- [DIRECTIONS]:
No pictures, please. Copy exactly the lines from the one with "Papavero_Poster_Ink on Paper_Mario" through the final line below.

- [EXERCISE DATA]:
#####

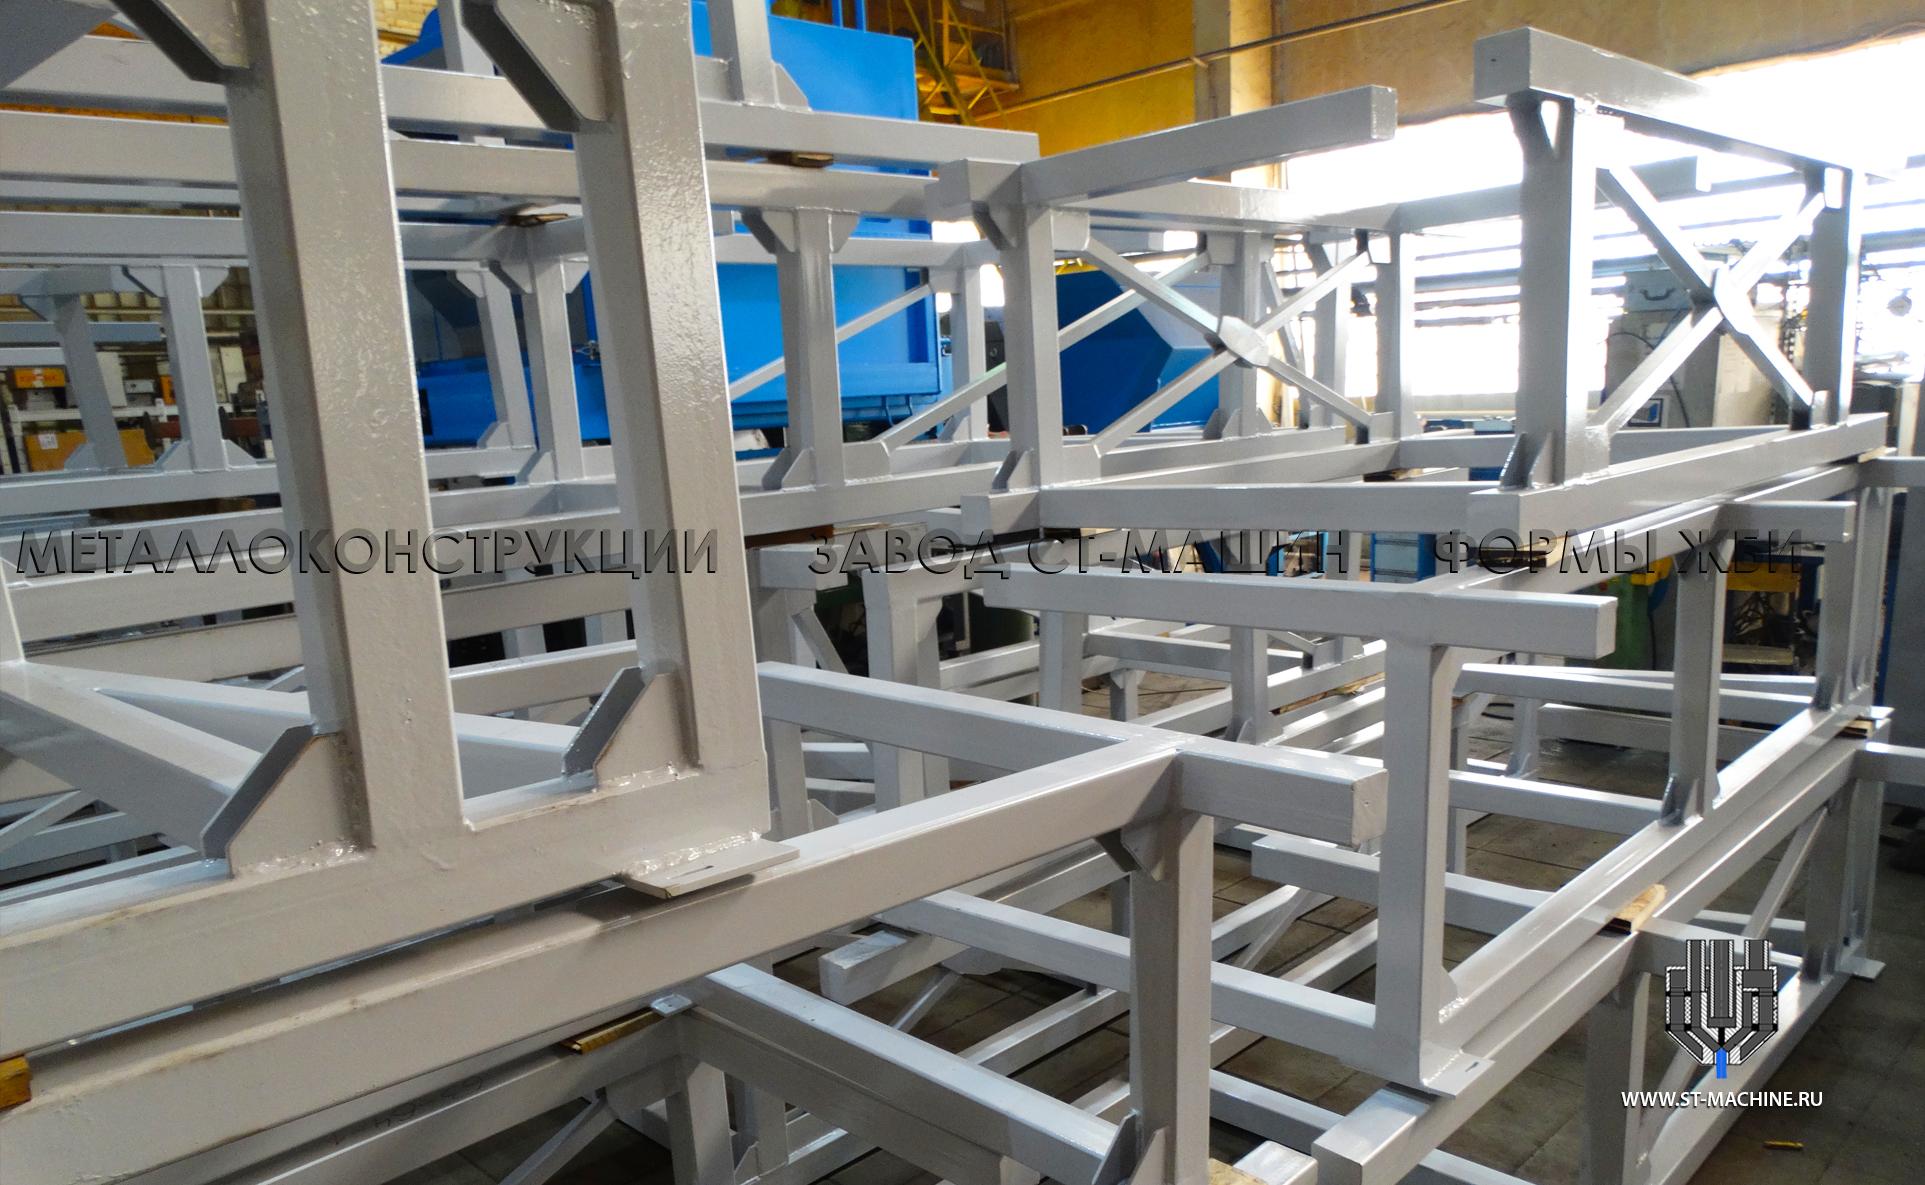 металлические-конструкции-по-чертежам-заказчика-изготовить-москва-ст-машин-балашиха.jpg
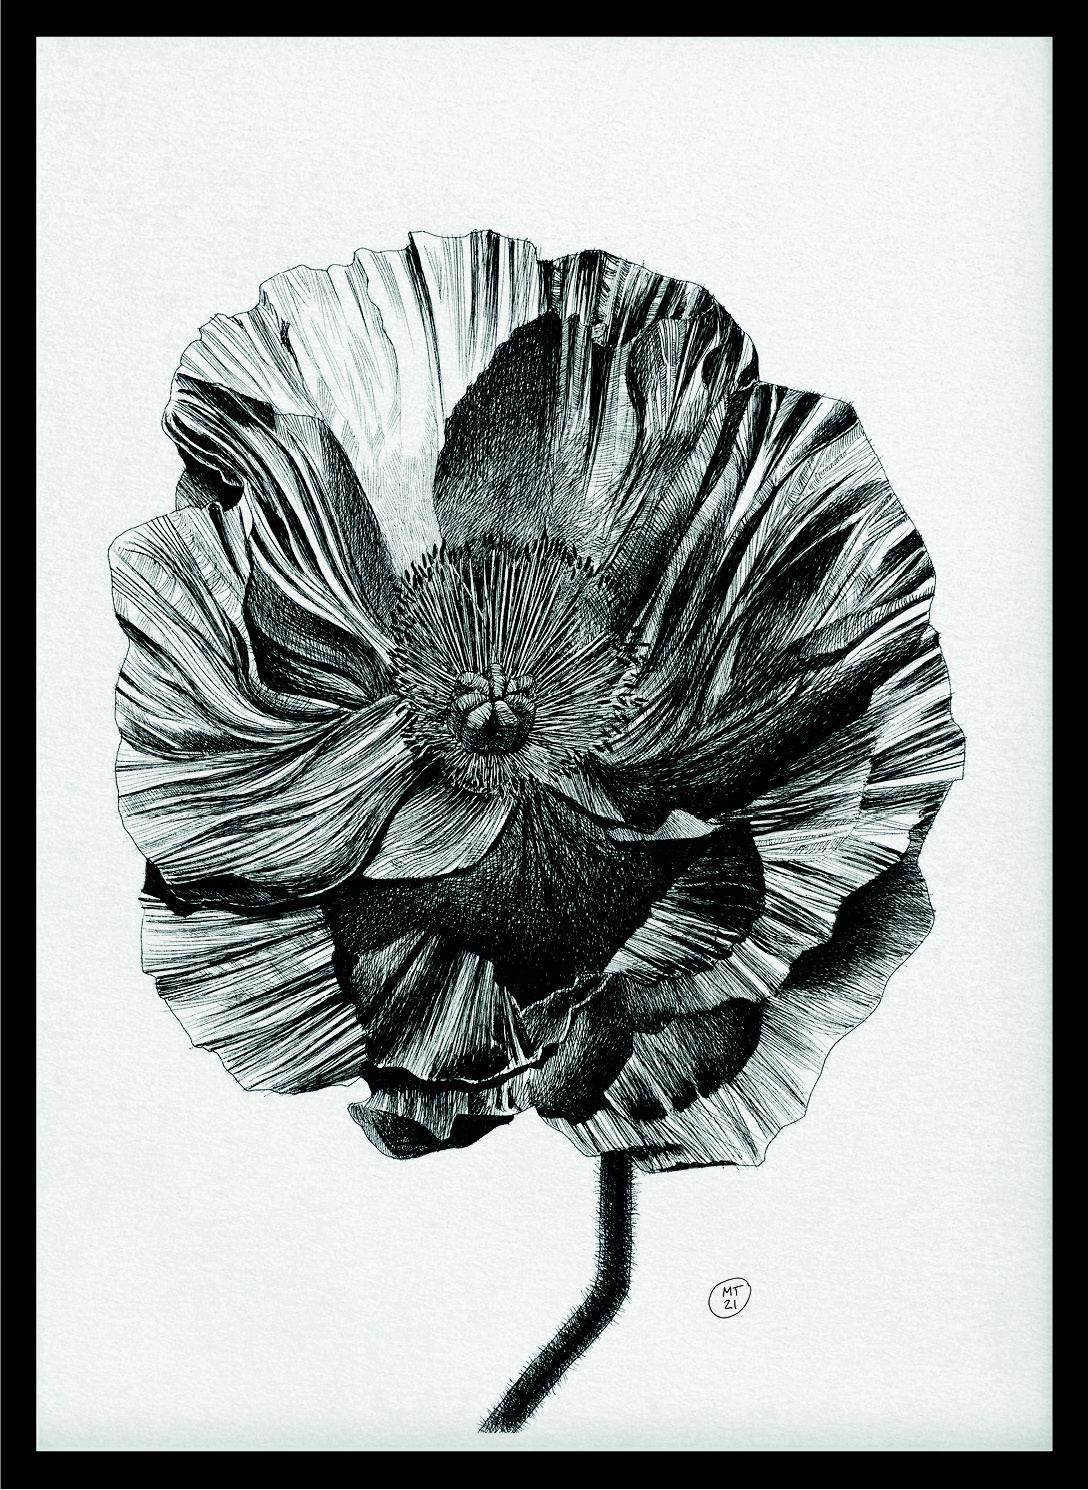 Papavero_Poster_Ink on Paper_Mario Trimarchi Design5
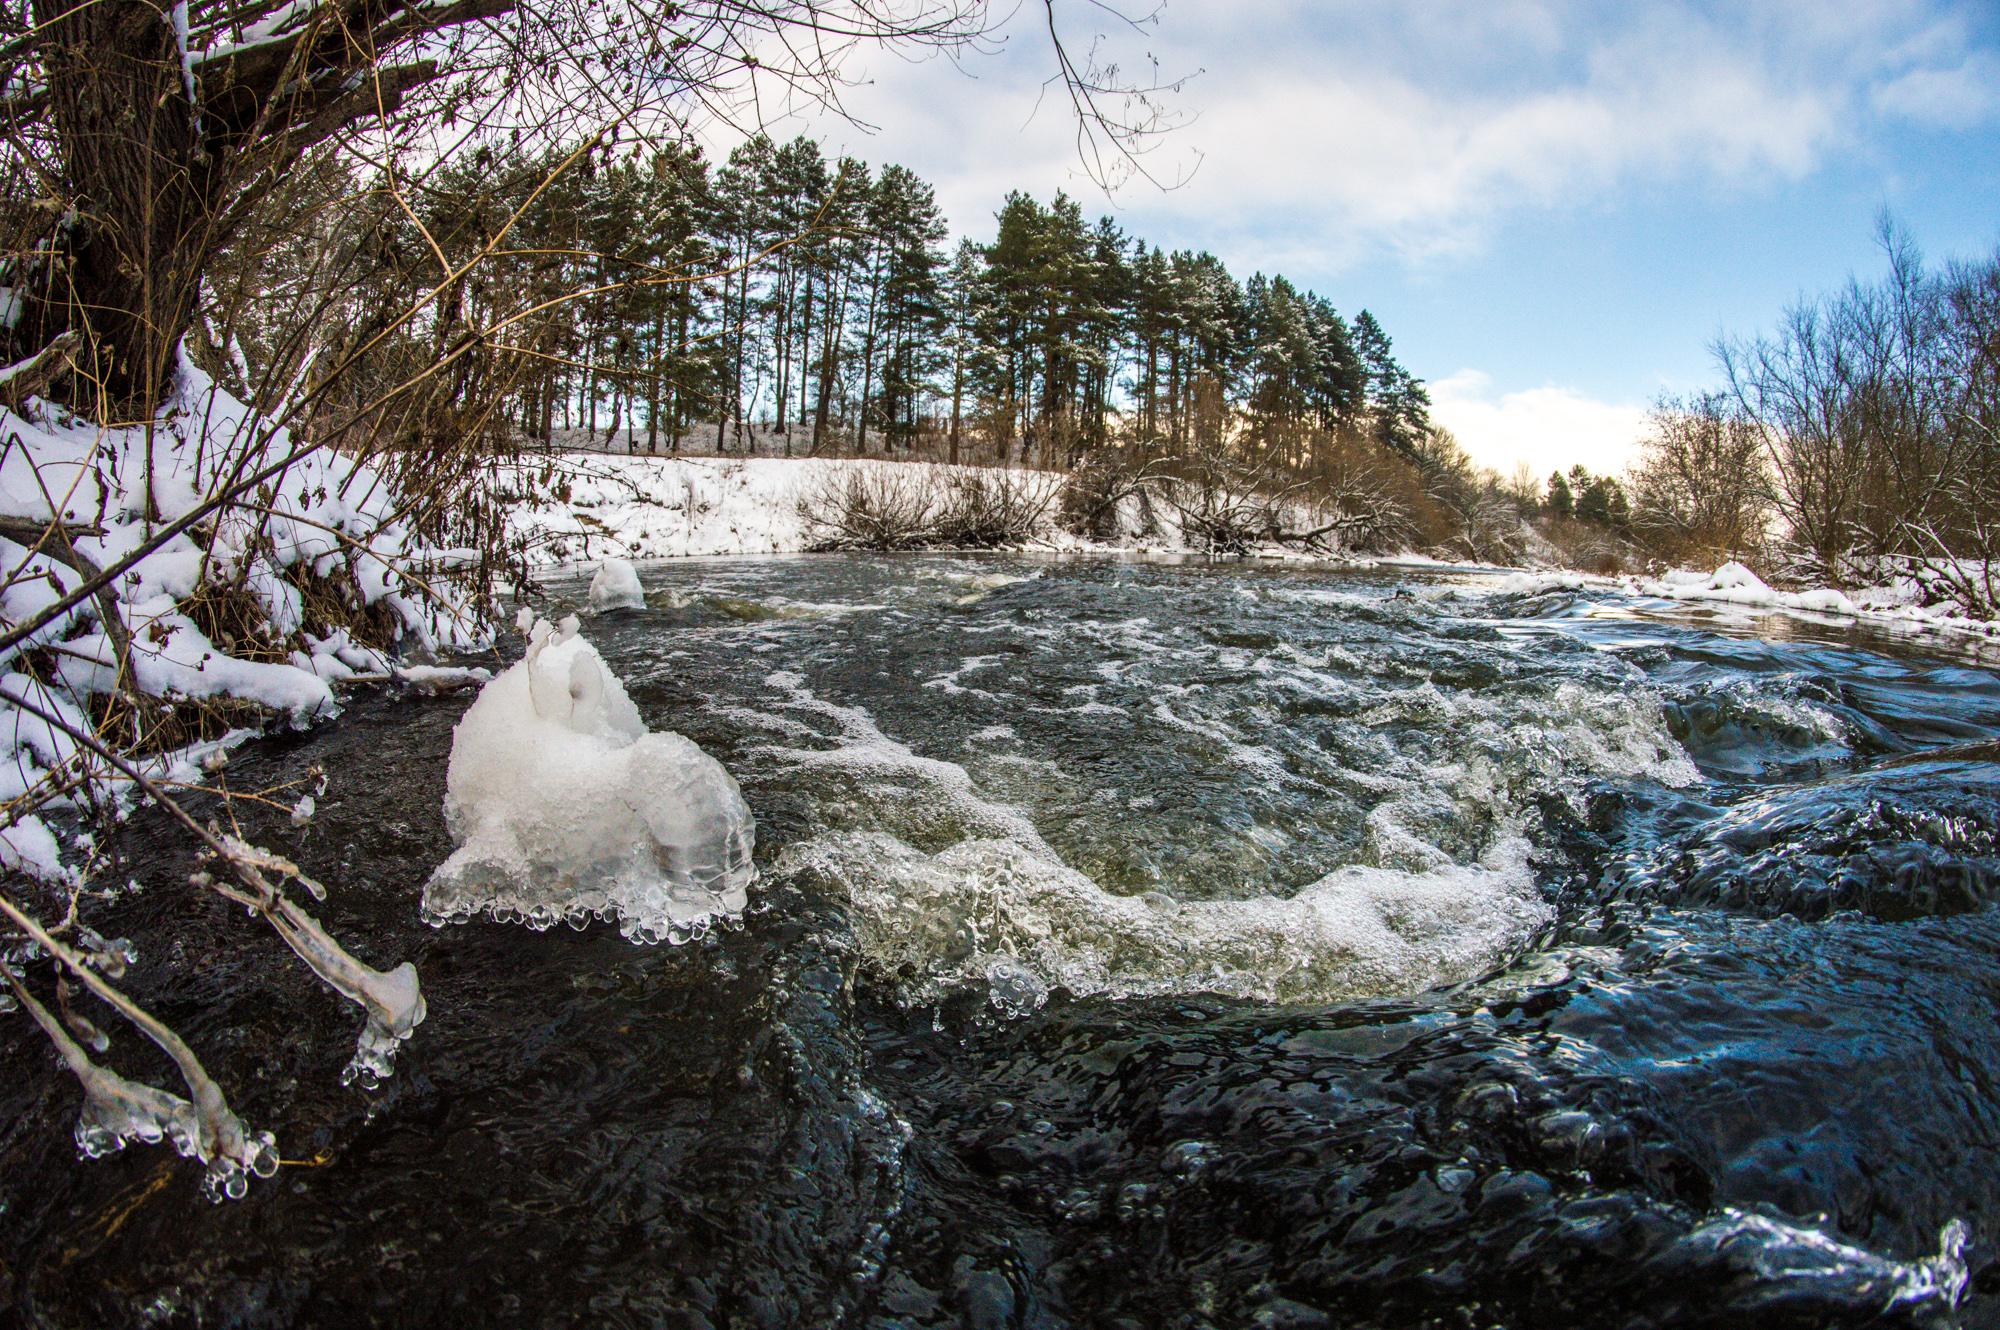 Шум - Бурхлива вода Тетерва

#####

- [TASK ANSWER]:
 Papavero_Poster_Ink on Paper_Mario Trimarchi Design5
 Шум - Бурхлива вода Тетерва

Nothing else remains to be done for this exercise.